Recall that we want to control this FD in a manner that inclines it towards over-
estimation of the anticipated arrival time of the heartbeat message. However, we
should recognize that the extent of this overestimation impacts the occurrences of
FP errors and FN errors. In the scenario where the overestimation is substantial, the
FP errors diminish while the FN errors escalate. Conversely, if the overestimation
is small, the FP errors increase while the FN errors decrease. Balancing these two
types of errors is important for the effective functioning of the failure detector. To
address this, we introduce a variable to control the extent of over-estimation.

In addition to the metrics that we have listed previously, we introduce a new metric
called Probability of Availability (PA) (following the approach of Li and Marin),
which is the ratio of the safe predictions (actual arrival time is ahead of the predicted
time) over the total predictions. This metric indicates the ability of this FD to avoid
wrong suspects.

26


5
Results

Our results show in Section 5.1 that classifiers such as Random Forest, SVM, and
Logistic Regression outperform other classifiers in general. We also compare, in
Section 5.2, the QoS metrics of ML-based FDs with PD module and fallback to the
BDBD solution (Section 2.3.1). This compartment shows that Random Forest, SVM,
and Logistic Regression can balance well the trade-off between detection time and
accuracy, but only when aiming at short detection time, ca 1 second. When the
detection time is more than 2 seconds is considered, BDBD and TTF can offer better
accuracy.

In section 5.3, we cluster the ML-based FDs at both the crash intervals where any ML-
classifiers report FN and the data points where any FD reports FP. Based on these
results, the FDs are ranked based on their specificity and sensitivity. Additionally, a
pairwise comparison of the top-performing FDs is conducted toward the conclusion
of this section. Further results of all clustering outputs for all FDs over various
datasets are shown in Appendix A.

Subsequently, Section 5.4 presents the evaluation of the LSTM-based heartbeat FD,
focusing on the probability of availability (PA) and the classification metrics.

Finally, we explain our results and discuss their limitations in Section 5.5.

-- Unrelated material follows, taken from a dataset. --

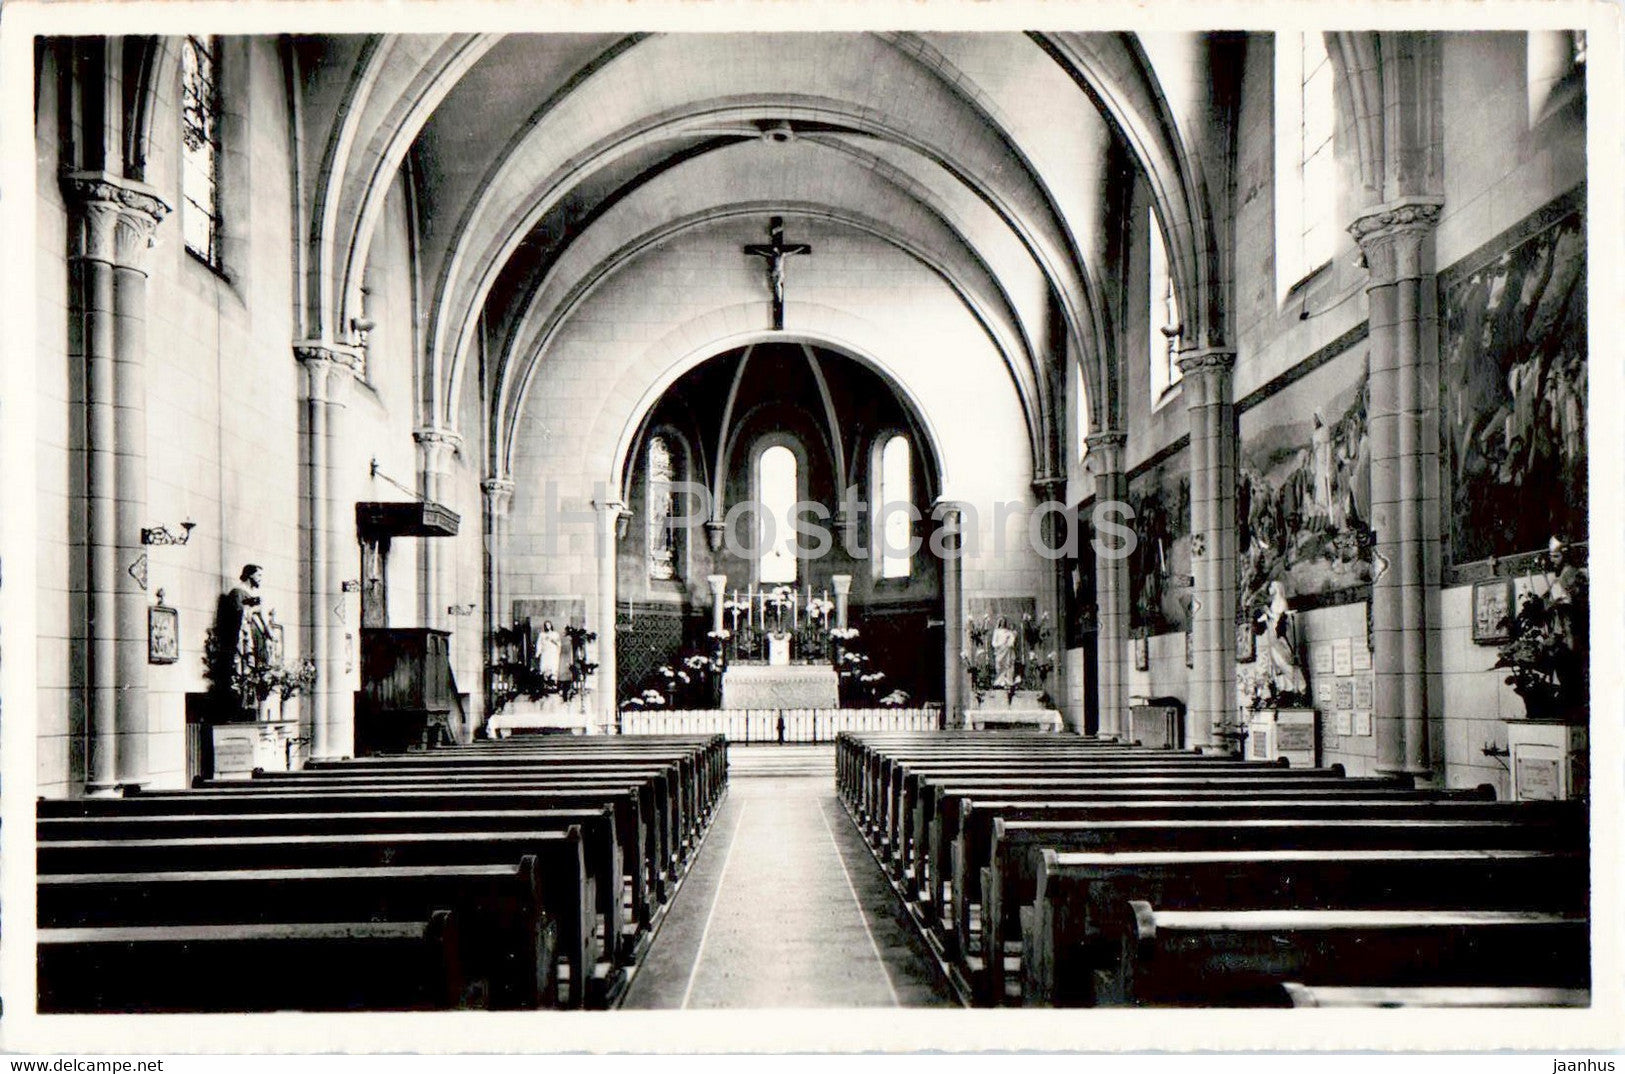 Leysin - Eglise catholique - church - 89 - old postcard - Switzerland - unused - JH Postcards

5.1 ML-based FDs without PD Module
We present the results of ML-based binary classification FDs without the use of
the Precision Distribution (PD) module (refer to Section 2.7). Our results were
collected after resolving the data leakage problem in Häger-Köre’s implementation.
The confusion matrix results for the FDs over 15.8 × 106 data points are presented
in Table 5.1, while Table 5.2 displays the ratios of all FDs concerning the best one,
in terms of both false positives (FP) and false negatives (FN). Figure 5.1 provides an
intuitive understanding of FP and FN errors across all ML-based FDs. For detailed
derived metrics data and their respective ratios concerning all FDs relative to the
best one, see Table 5.3 and Table 5.4.

These results were collected for both individual ML-based FDs and ensemble FDs,
namely Stacking, BlendStacking and Ensemble. Stacking FD incorporates SVM and
Random Forest, leveraging SVM’s superior performance in minimizing FP errors and

27


5. Results

Random Forest’s effectiveness in reducing FN errors. The aim is to capitalize on the
strengths of both SVM and Random Forest within the Stacking FD.

Additionally, BlendStacking FD integrates SVM, Random Forest, and analytical FDs:
BDBD and TTF (Section 2.3). As per the findings in Section 5.2, while ML-based
FDs demonstrate fewer prediction errors with detection time under two seconds,
analytical FDs exhibit a lower average mistake rate with longer detection time.
Through the integration of the outputs from both ML-based FDs and analytical FDs,
we hope the BlendStacking FD can deliver robust performance across all detection
time intervals. The Ensemble FD integrates all individual ML-based FDs.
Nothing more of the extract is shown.